精製された砂糖や炭水化物、脂肪の配合が依存性の原因だった

 大西睦子

 食、医療など“健康”にまつわる情報は日々更新され、あふれています。この連載では、現在米国ボストン在住の大西睦子氏が、ハーバード大学における食事や遺伝子と病気に関する基礎研究の経験、論文や米国での状況などを交えながら、健康や医療に関するさまざまな疑問や話題を、グローバルな視点で解説していきます。
 ポテトチップスなどのスナック菓子を、一気に1袋開けてしまったとか、翌日もまたすごく食べたくなってしまったという経験がはありませんか? こうした加工食品は依存性が高いという研究報告を解説していきます。

ある種の食べ物は依存症を誘発するし、食べ過ぎて肥満の原因になる

 2015年2月18日、科学雑誌「PLoS One」に、米国ミシガン大学の研究者らがどんな食品が依存症になりやすいかという、非常に興味深い研究結果を発表しました。さっそくご紹介しましょう。


 現在も、米国の肥満問題はかなり深刻です。

 太り過ぎや肥満の人口は増え続け、2030年には、85%以上の人が太り過ぎや肥満になるというデータがあるほどです。

 肥満関連の医療費は、現時点で米国の医療費の約10%を占めており、今後15年間でさらに増加し、約15%を占めるようになると予測されています。ただし短期間であれば減量効果が認められても、それが長期にわたって維持できるというような、肥満予防の治療法はほとんどありません。

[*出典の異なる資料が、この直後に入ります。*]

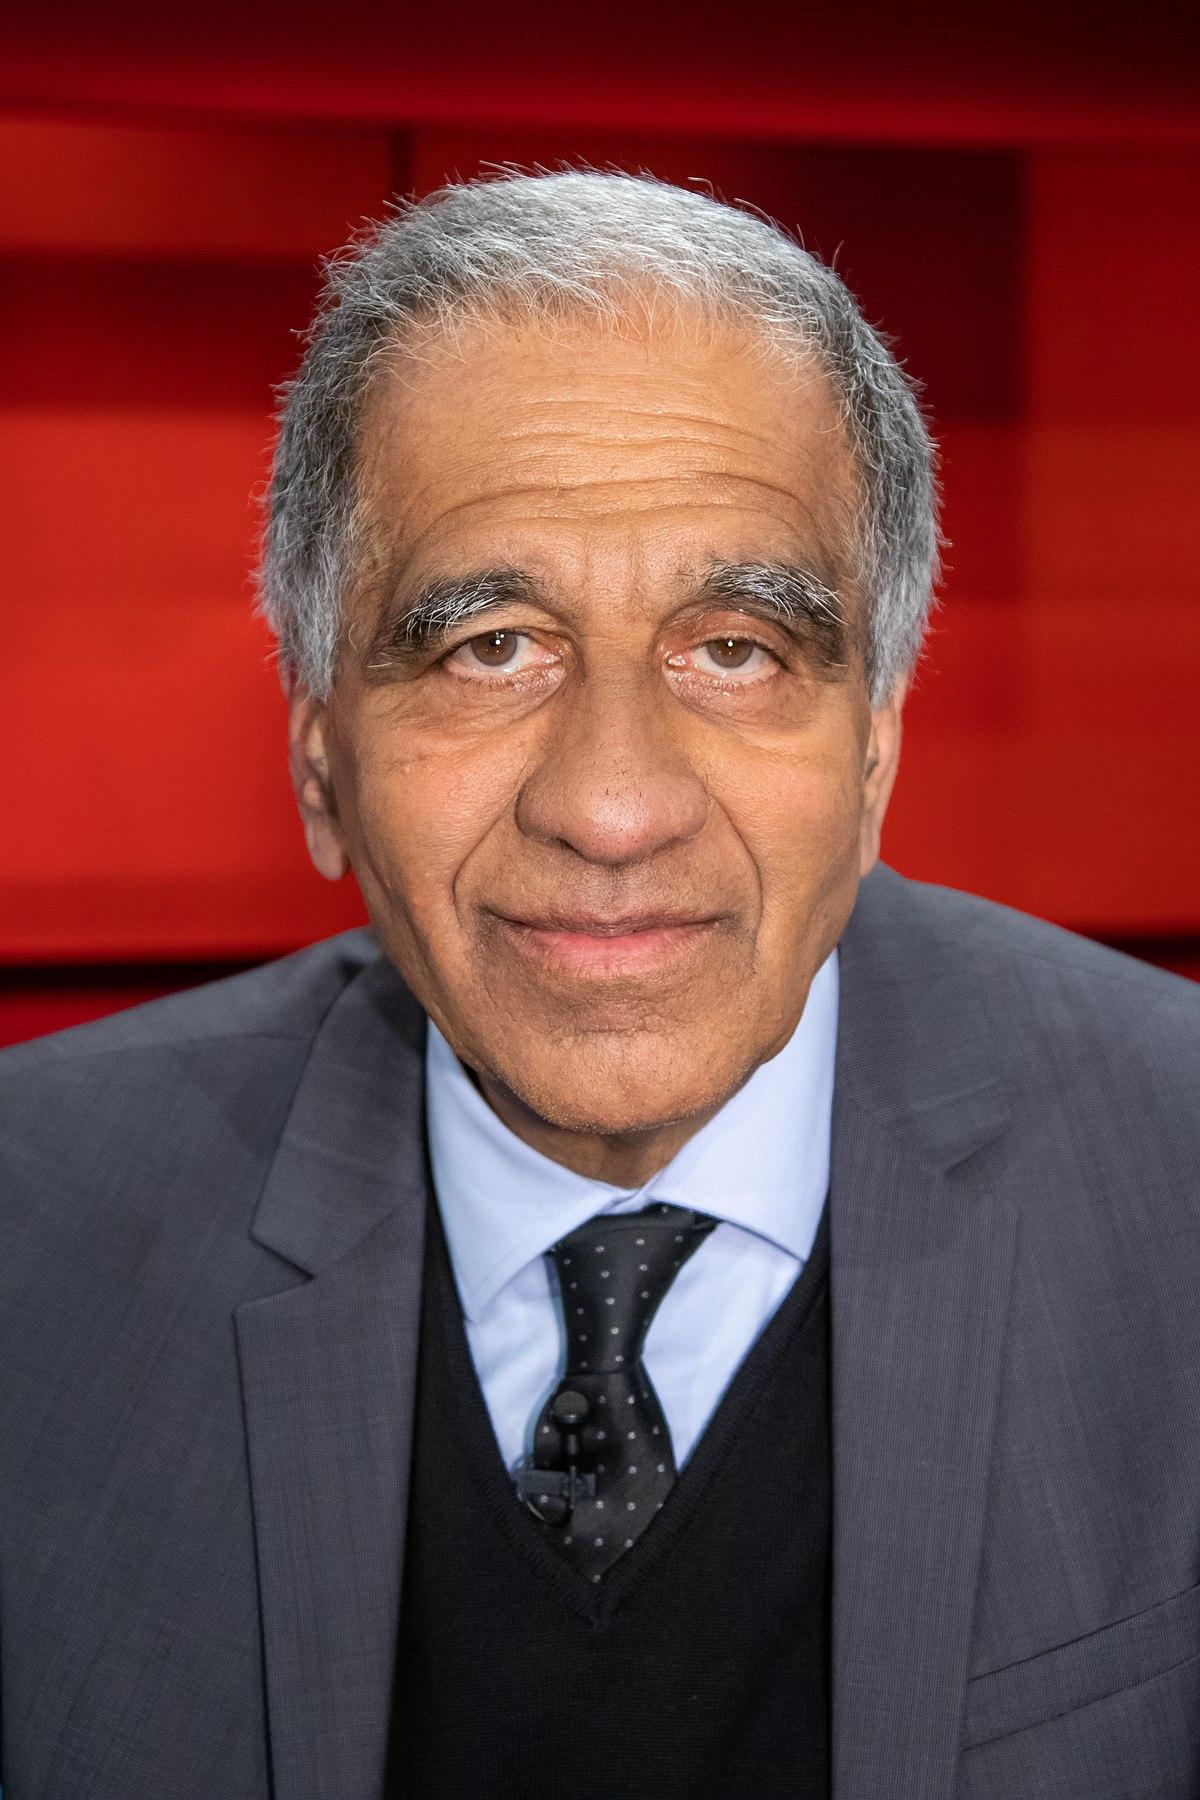 Latif Mojib
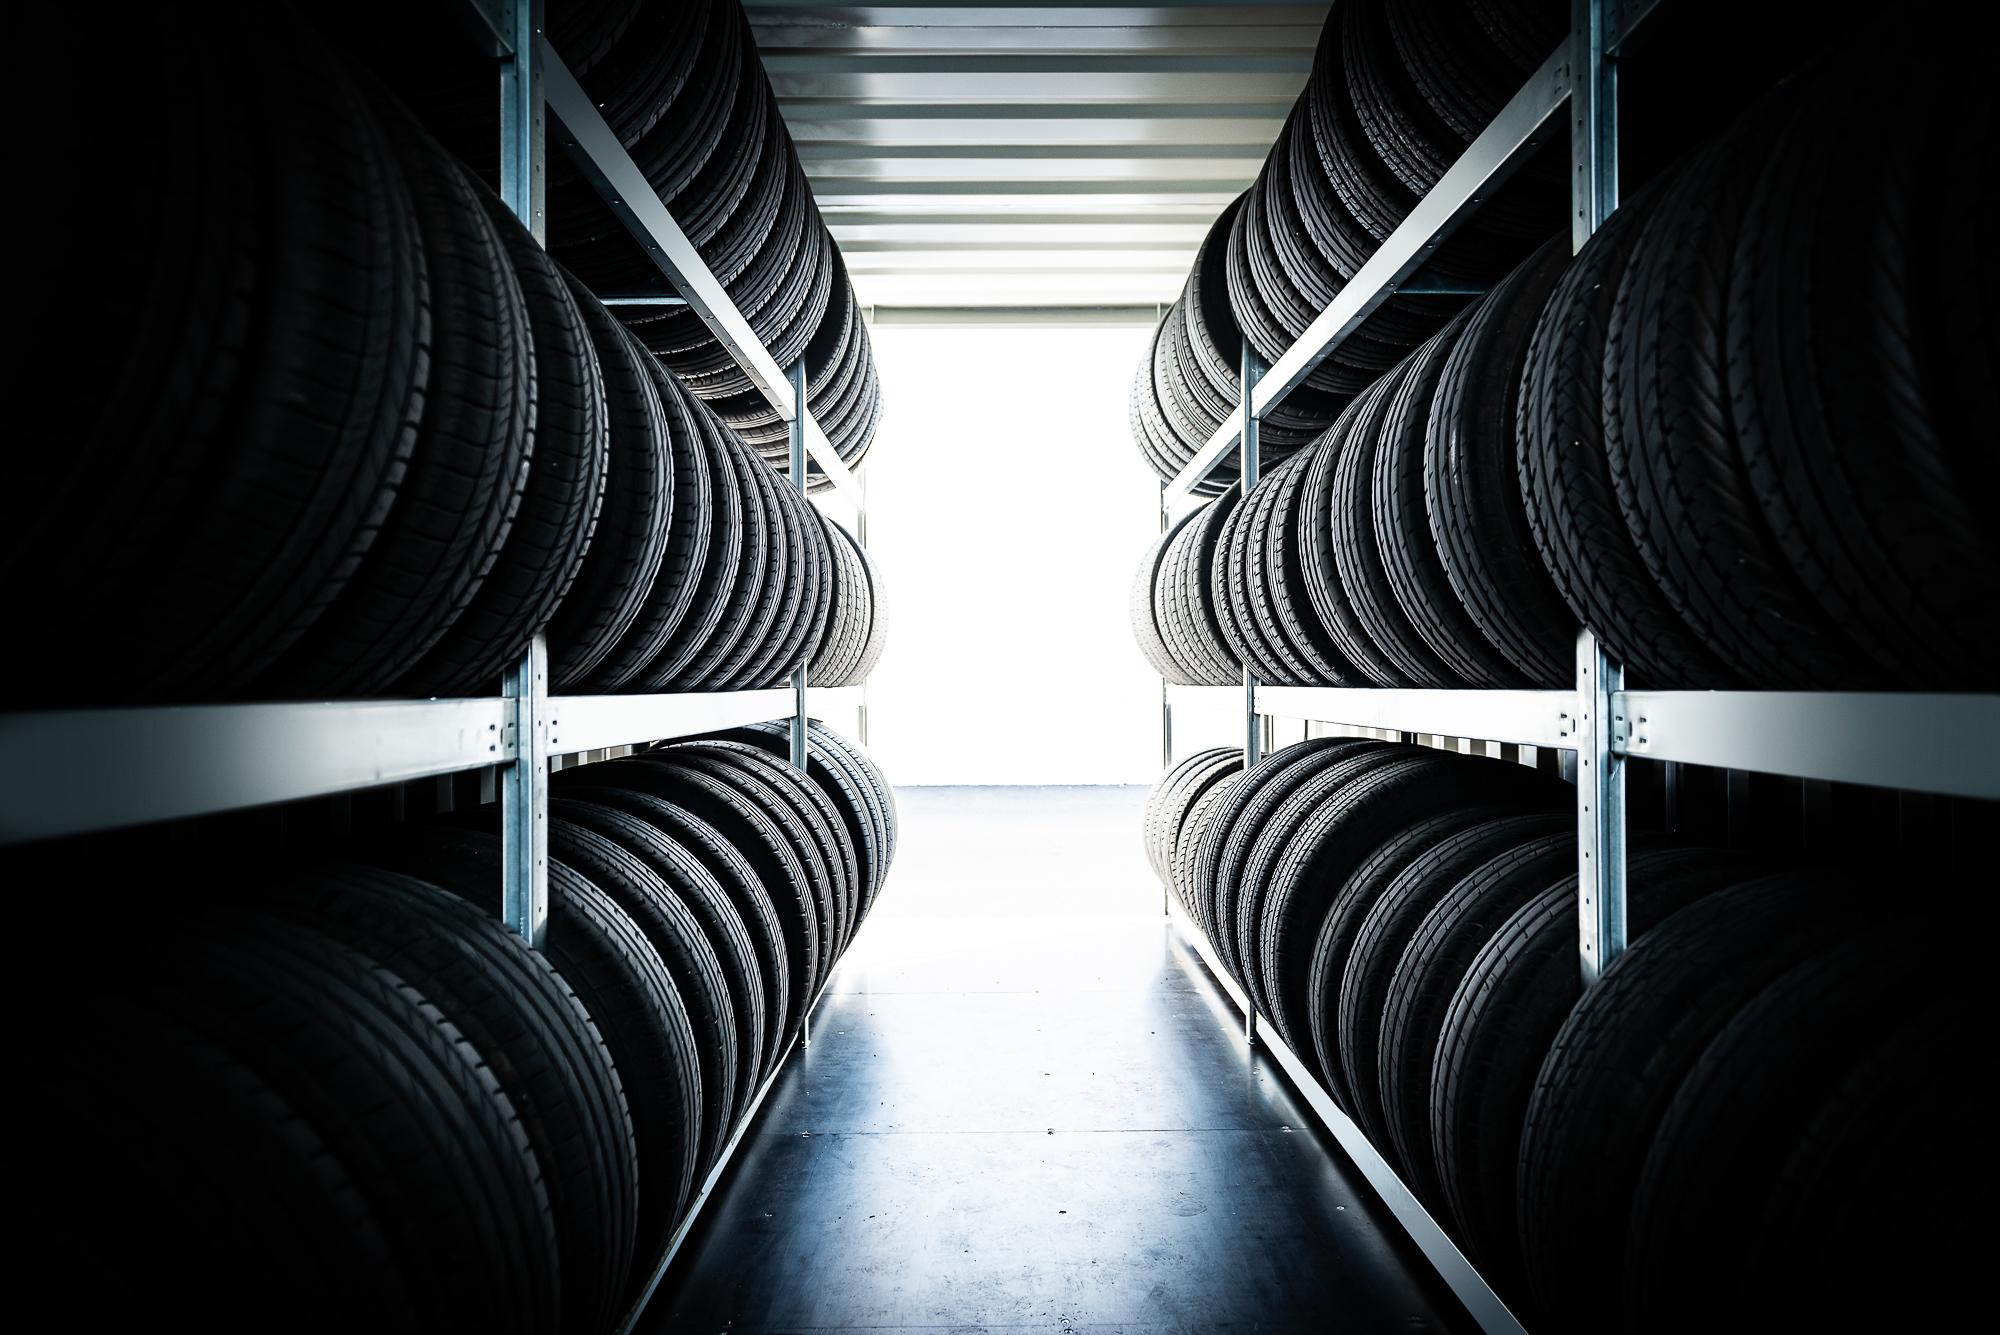 Rihringer Automotive Reifen-Shooting aus Commercial-Portfolio

 なぜ肥満は増えるのでしょうか? 原因として以下の4つが報告されています。

・エネルギー摂取量の増加
・食品が容易に手に入る環境
・飲食店における「1人前サイズ」の増量
・身体活動の低下

 これらに加えて、ある種の食べ物は依存症を誘発するので食べ過ぎることも、肥満の原因とされています。